## Data provided
= = = =

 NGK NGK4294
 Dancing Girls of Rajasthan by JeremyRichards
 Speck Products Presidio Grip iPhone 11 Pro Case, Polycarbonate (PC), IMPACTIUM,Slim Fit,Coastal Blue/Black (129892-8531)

= = = =

## About this exercise
Your answer must consist of every line above, transcribed verbatim.

## Problem solution
 NGK NGK4294
 Dancing Girls of Rajasthan by JeremyRichards
 Speck Products Presidio Grip iPhone 11 Pro Case, Polycarbonate (PC), IMPACTIUM,Slim Fit,Coastal Blue/Black (129892-8531)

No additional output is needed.